1. An angular velocity detection apparatus, characterized by comprising:

a substrate;

the detection module is a plurality of detection module, and a plurality of detection module is central symmetry along the centre of a circle of circle, just detection module is axisymmetry along the diameter of circle, detection module includes: the mass block, cooperated beam and drive detection unit, the mass block is suspended on the base plate, cooperated beam includes: the elastic strips are arranged along the radial direction of the circle, the elastic strips are connected end to end in sequence, the middle part of the assistant moving beam is connected with the inner side of the mass block, the end parts of the assistant moving beams of the adjacent detection modules are connected, the assistant moving beams of the plurality of detection modules are connected to form a star-shaped structure, the driving detection unit is arranged between the mass block and the base plate, and the driving detection unit is used for driving the mass block to vibrate along the radial direction of the circle and detecting the amplitude of the tangential vibration of the mass block along the circle;

Wherein the drive detection unit includes: the two drive assemblies, two drive assemblies are axisymmetric along the tangent line of circle, drive assemblies includes: first support piece and a plurality of first electric capacity, wherein, first support piece sets up on the base plate, two be provided with first clearance between the first support piece of drive assembly, first electric capacity includes: the first fixed plates are arranged on the first supporting piece, the first movable plates are arranged on the mass block, and a plurality of the first fixed plates and a plurality of the first movable plates are arranged at intervals and uniformly distributed at two ends of the first supporting piece along the tangential direction of the circle;

the drive detection unit further includes: the two first detection components, two first detection components are axisymmetric along the tangent line of circle, first detection component includes: a second support and a plurality of second capacitors, wherein the second support is disposed on the substrate, and the second support is located outside the first support, the second capacitors comprising: the second fixed plates are arranged on the second supporting piece, the second movable plates are arranged on the mass block, and a plurality of second fixed plates and a plurality of second movable plates are arranged at intervals and uniformly distributed at two ends of the second supporting piece along the tangential direction of the circle;

The drive detection unit further includes: the two second detection components, two the second detection components are axisymmetric along the tangent line of circle, the second detection component includes: the two detection pieces, two the detection piece is axisymmetric along the diameter of circle, the detection piece includes: the third support piece and a plurality of third electric capacity, wherein, the third support piece sets up on the base plate, just the third support piece is located drive assembly's outside, two the detection piece the third support piece between be provided with the second clearance, the third electric capacity includes: the third fixed plates are arranged on the third supporting piece, the third movable plates are arranged on the mass block, and the third fixed plates and the third movable plates are arranged at intervals and uniformly distributed at two ends of the third supporting piece along the tangential direction of the circle.

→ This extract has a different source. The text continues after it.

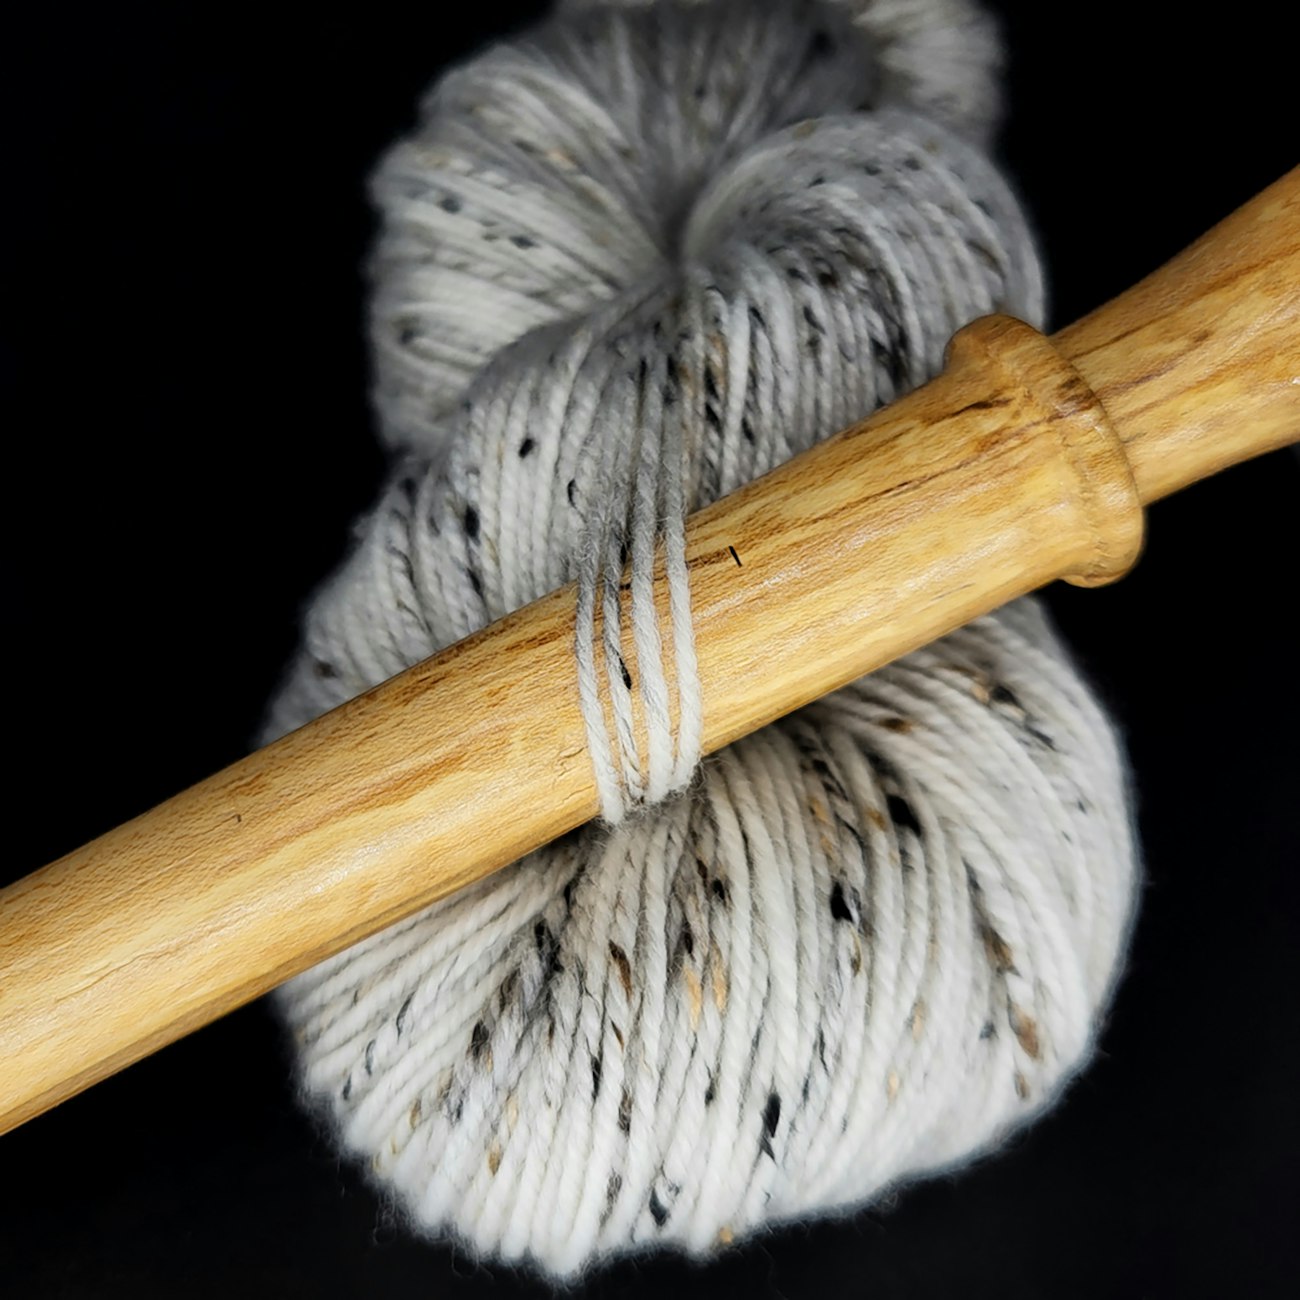 White yarn with brown and black flecks

2. The angular velocity detection apparatus according to claim 1, wherein the cooperative beam includes:

two elastic groups, the elastic groups comprising: the detection device comprises a first elastic strip and a second elastic strip, wherein the first elastic strip and the second elastic strip are respectively arranged along the radial direction of a circle, one ends of the first elastic strips of two elastic groups are connected with the inner side of a mass block, one end of the first elastic strip, which is far away from the mass block, is connected with one end of the second elastic strip, and one end of the second elastic strip, which is far away from the first elastic strip, of the detection module is connected.

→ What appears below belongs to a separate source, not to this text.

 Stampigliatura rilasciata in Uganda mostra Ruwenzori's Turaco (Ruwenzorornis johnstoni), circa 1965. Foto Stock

3. The angular velocity detection apparatus according to claim 1, wherein the detection module further comprises:

the support units are arranged on the substrate, and the mass blocks are arranged on the inner sides of the support units.

4. An angular velocity detection apparatus according to claim 3, wherein the supporting unit includes:

the support column is arranged on the substrate;

the support beam is arranged on the inner side of the support column, the support beam is arranged along the radial direction of the circle, and the mass block is arranged at one end of the support beam far away from the support column;

the frame is arranged at one end of the supporting beam, which is far away from the supporting column, and is arranged along the tangential direction of the circle;

the cantilever beams are arranged on the inner side of the frame, and one ends of the plurality of cantilever arms Liang Yuanli are connected with the mass blocks.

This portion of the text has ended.